I trattati non posero fine alle minacce che gravavano sugli stili di vita dei nativi americani e non riuscirono quindi a prevenire la violenza a lungo. La distruzione della selvaggina da parte degli americani intensificò la competizione tra le tribù per i bisonti e gli altri animali rimasti. L’esercito americano fu coinvolto in diversi scontri con i Sioux, i Cheyenne e gli Arapaho Lakota a metà degli anni ’50 dell’Ottocento. Nei due anni successivi alla scoperta dell’oro in Colorado nel 1858, migliaia di cercatori d’oro affluirono nel territorio degli Arapaho, violando così il trattato del 1851. Alcuni Arapaho reagirono spostandosi a nord del fiume Platte. Per le bande del sud che rimasero, i rapporti con gli intrusi si deteriorarono e il 29 novembre 1864, miliziani bianchi massacrarono i Cheyenne e gli Arapaho di Black Kettle e White Antelope a Sand Creek, in Colorado. In risposta, i membri di queste tribù, insieme ad alcuni Sioux, Comanche e Kiowa, ricorsero alla guerra, lanciando una serie di attacchi contro gli avamposti situati lungo le piste migratorie. Una pace relativa fu ristabilita quando gli Arapaho del Sud, alcune bande Cheyenne, i Comanche e i Kiowa accettarono nel 1865 e nel 1867 dei trattati che li confinavano nelle riserve. In cambio, i funzionari federali garantirono che i nativi sarebbero stati protetti dagli attacchi dei coloni e dei soldati e che avrebbero ricevuto beni per compensare la distruzione del bisonte e di altra selvaggina. Quando i Comanche e i Kiowa ripresero le incursioni perché il governo non aveva fornito razioni sufficienti, l’esercito distrusse i campi invernali dei nativi e li costrinse a tornare nelle loro riserve lungo il Red River.
Nelle pianure centrali e settentrionali, bande di Cheyenne, Arapaho e Lakota Sioux combatterono anch’esse per proteggersi. La scoperta dell’oro in Montana nel 1862 portò un gran numero di non nativi all’interno e attraverso la regione. Quando il governo federale costruì dei forti per proteggere i coloni e la strada che portava ai campi auriferi, la pista Bozeman, i nativi americani assediarono i forti e costrinsero gli Stati Uniti a negoziare un accordo. Nel Trattato di Fort Laramie del 1868, i negoziatori federali concordarono di evacuare i forti, di costituire una vasta riserva (la “Great Sioux Reservation”) nel Dakota del Sud e nel Dakota del Nord e di garantire i diritti di caccia dei nativi.

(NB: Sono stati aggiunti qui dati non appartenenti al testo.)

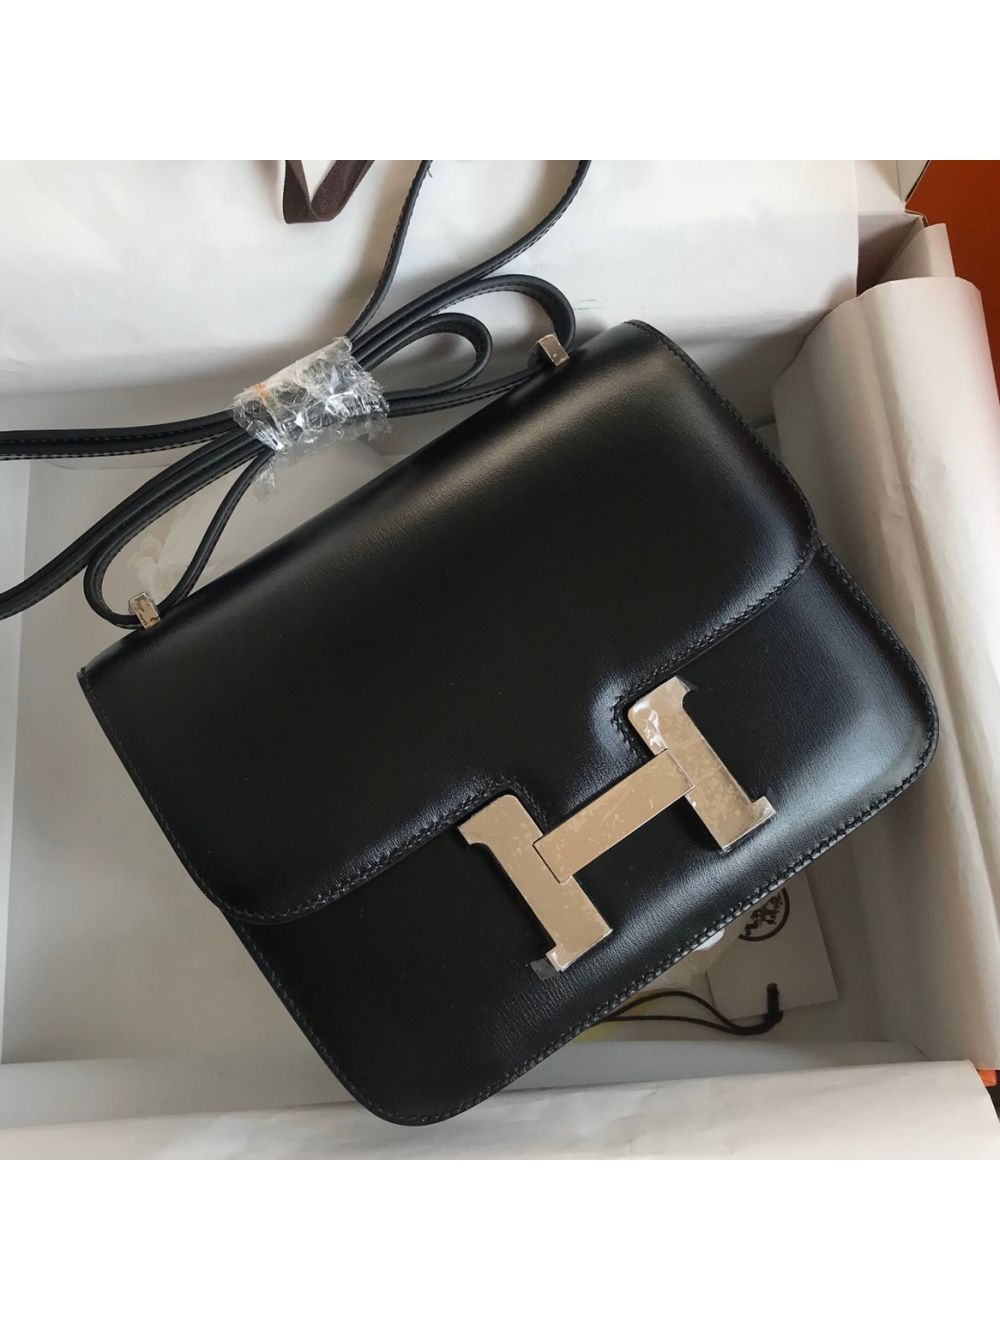 Replica Hermes Constance 18 Handmade Bag In Black Epsom Calfskin

Tuttavia, i Sioux e i loro alleati subirono alla fine la stessa sorte dei Comanche e dei Kiowa. Quando gli americani scoprirono l’oro nella regione delle Black Hills all’interno della Great Sioux Reservation nel 1874, il governo federale tentò invano di convincere i Sioux a vendere o affittare il terreno. La guerra scoppiò tra l’esercito e i Sioux e i Cheyenne del Nord nel 1876. I nativi, guidati da Gall e Toro Seduto (entrambi Hunkpapa Sioux), sconfissero le truppe al comando del generale George Armstrong Custer nella battaglia del Little Bighorn, ma la campagna invernale del 1876-77 costrinse la maggior parte dei Sioux e dei Cheyenne a tornare nelle riserve o a fuggire in Canada. Tra questi ultimi, quelli guidati da Toro Seduto tornarono nella riserva nel 1881, mentre altri si stabilirono definitivamente in Canada. Al ritorno di Toro Seduto, tutti i popoli delle Pianure erano stati confinati nelle riserve.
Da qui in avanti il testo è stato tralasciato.